Materials and methods

Sample collection and preparation

One hundred infants and children with signs and symptoms of diarrhea from January to December in 2016 were enrolled in this study. The patients were aged below five years old who attended the Affiliated Hospital of Jiangsu University. One hundred fresh stool samples were collected by disposable materials and were shipped on dry ice. About one gram of each fecal sample was re-suspended in 2 mL phosphate-buffered saline (PBS), vigorously vortexed for 10 min, and was then centrifuged at 14,000×g for 10 min. Finally every fecal supernatant was collected in a new 1.5 mL centrifuge tube and was stored at −80 °C for further use.

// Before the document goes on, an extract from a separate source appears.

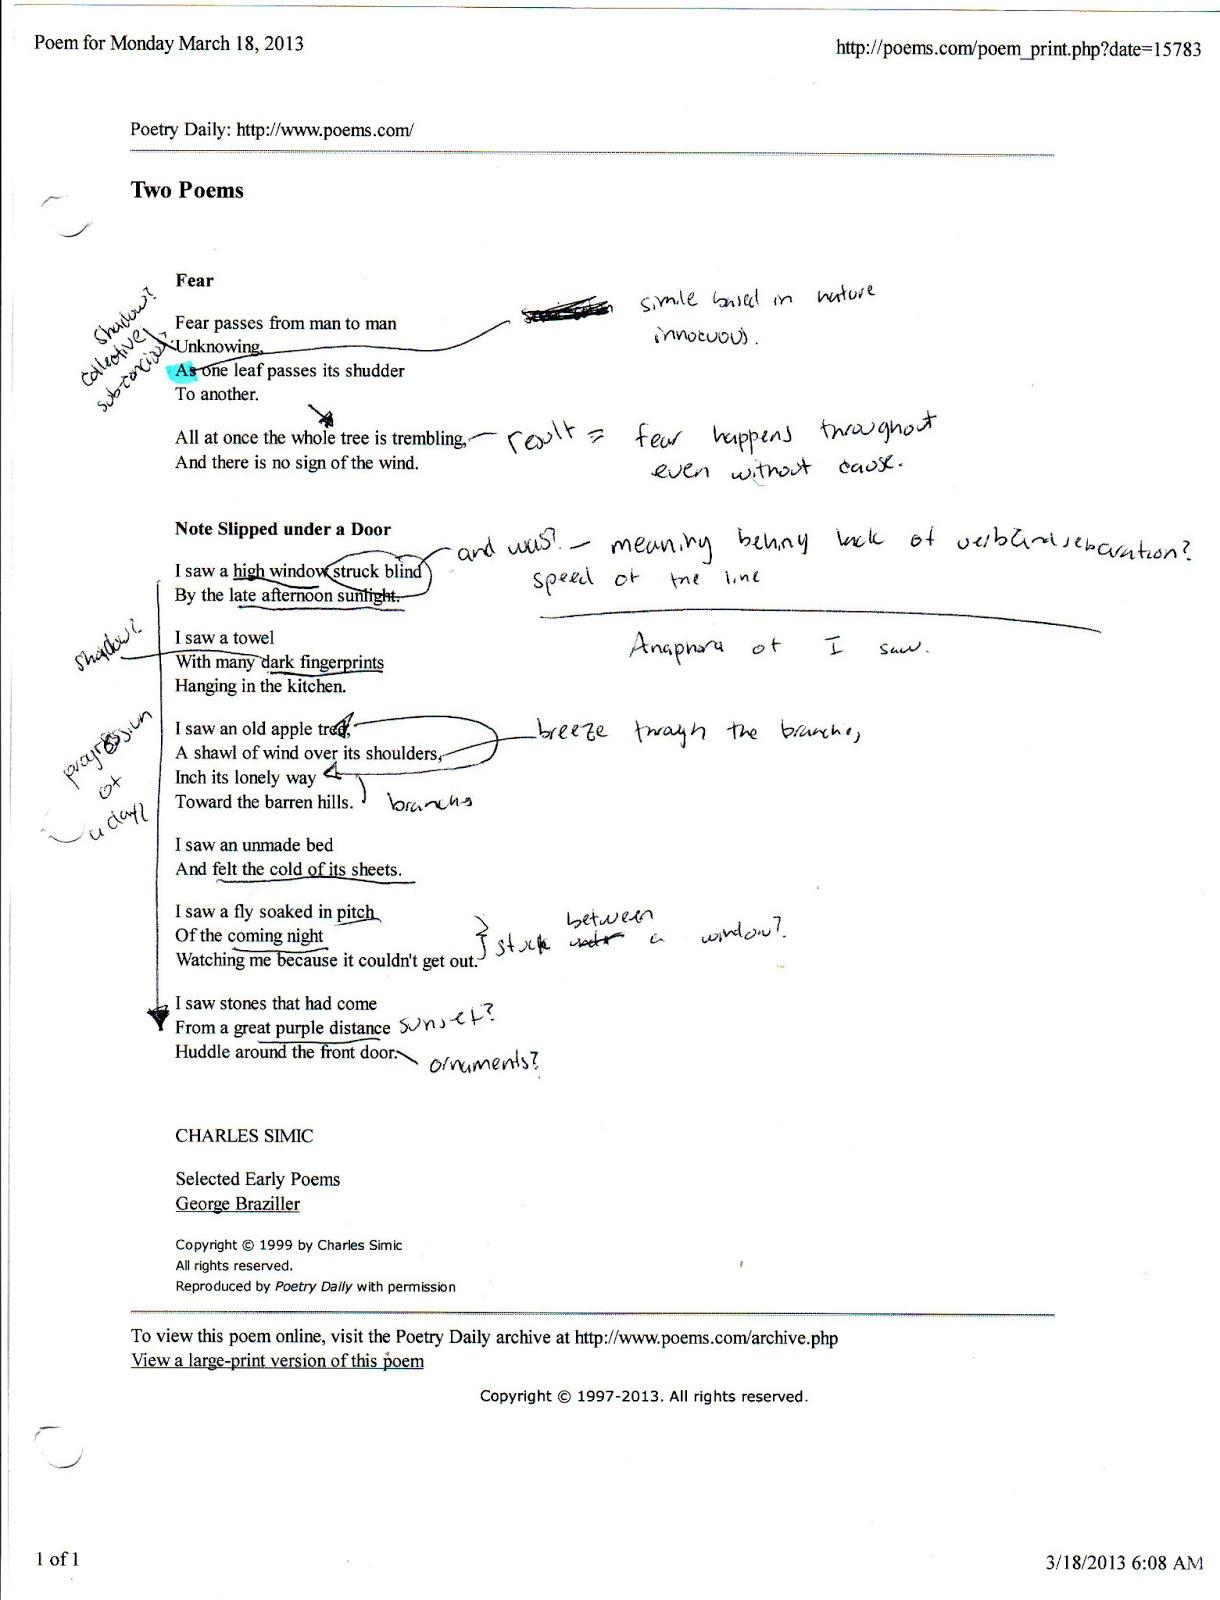 writing a curriculum vitae poem professional resumes sample online writing a curriculum vitae poem resume poems examples of resume poetry those winter sundays analysis homework
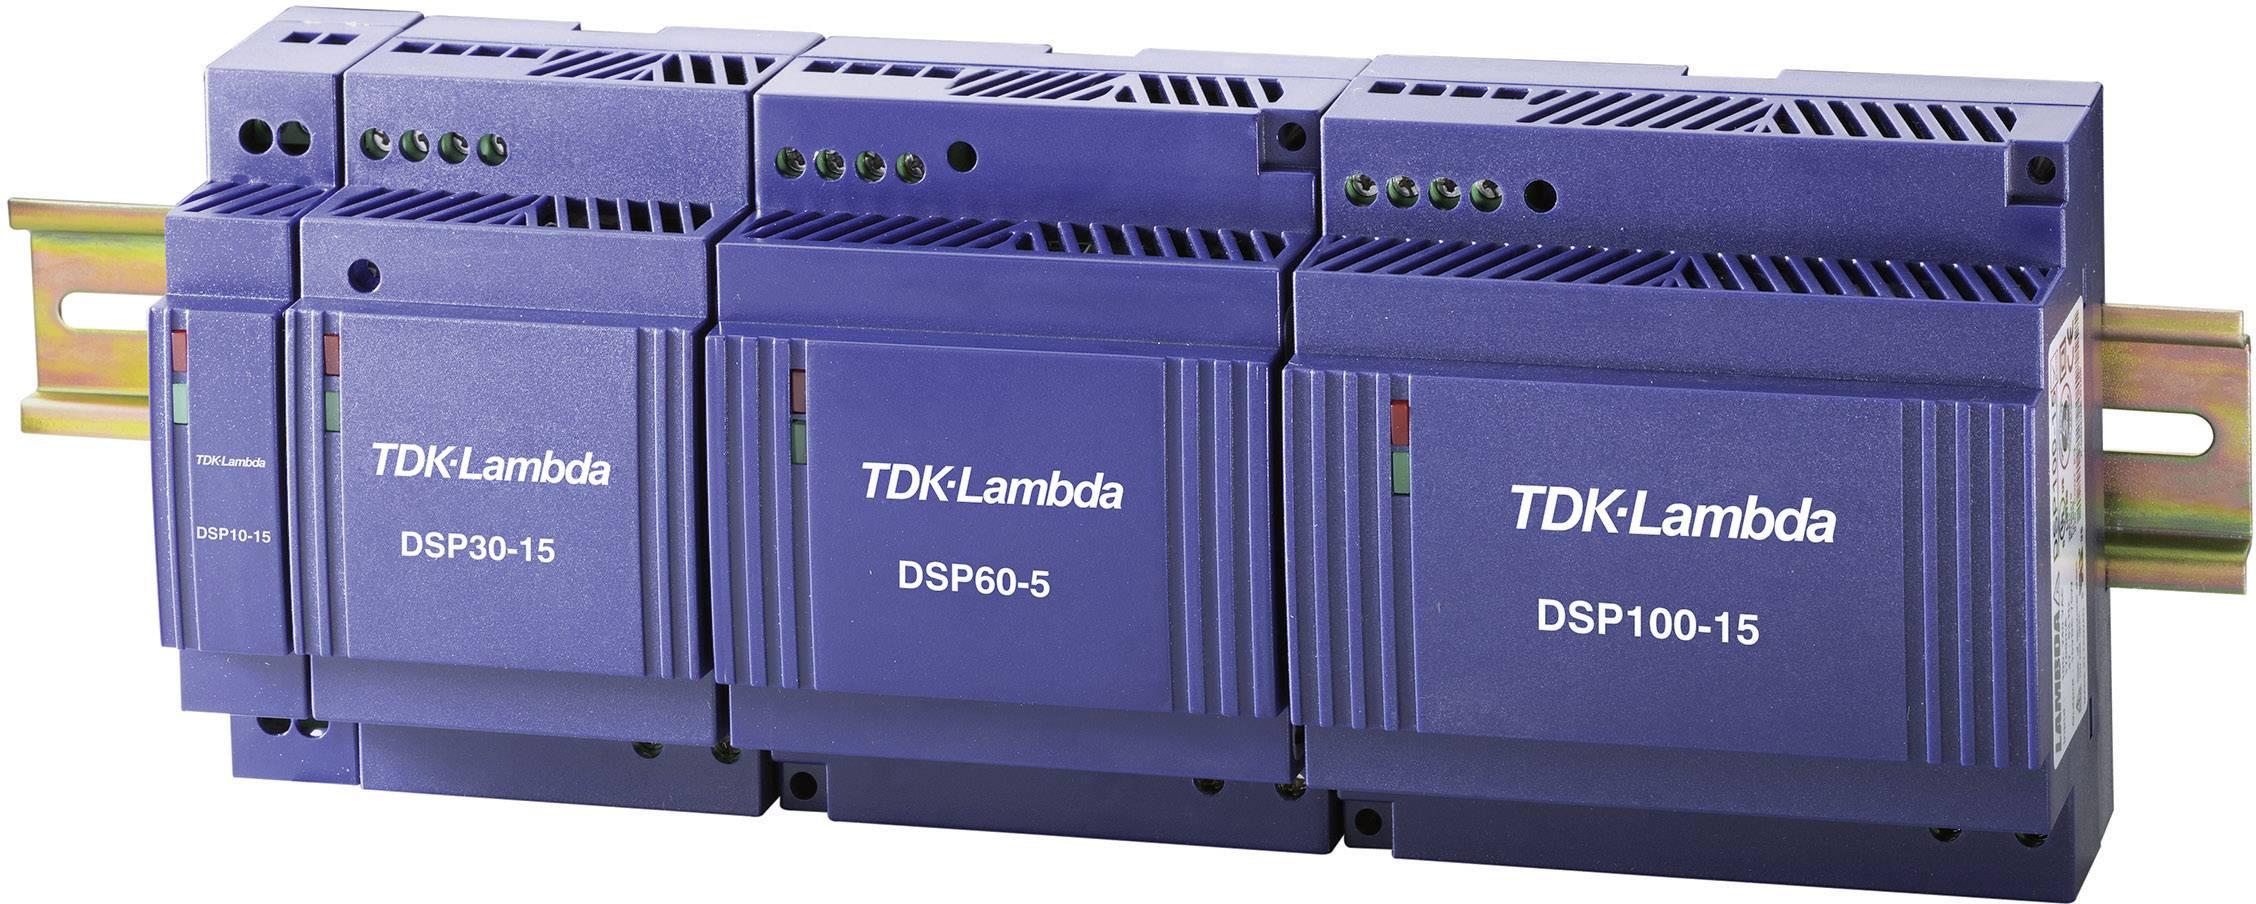 Sieťový zdroj na montážnu lištu (DIN lištu) TDK-Lambda DSP-10-15, 1 x, 15 V/DC, 0.67 A, 10 W

Viral nucleic acid extraction

Ten pools were randomly generated, each of which contained ten fecal supernatants. A total of 500 μL fecal supernatant equal from ten feces samples was mixed together and filtered through a 0.45-μm filter (Merck Millipore, MA, USA) to remove bacterial and eukaryotic cell-sized particles, and 200 μL supernatant from each pool was treated with a mixture of nuclease enzymes to digest unprotected nucleic acid at 37 °C for 60 min (Zhang et al., 2017). Viral RNA and DNA were extracted by using the QIAamp MinElute Virus Spin Kit (Qiagen, HQ, Germany).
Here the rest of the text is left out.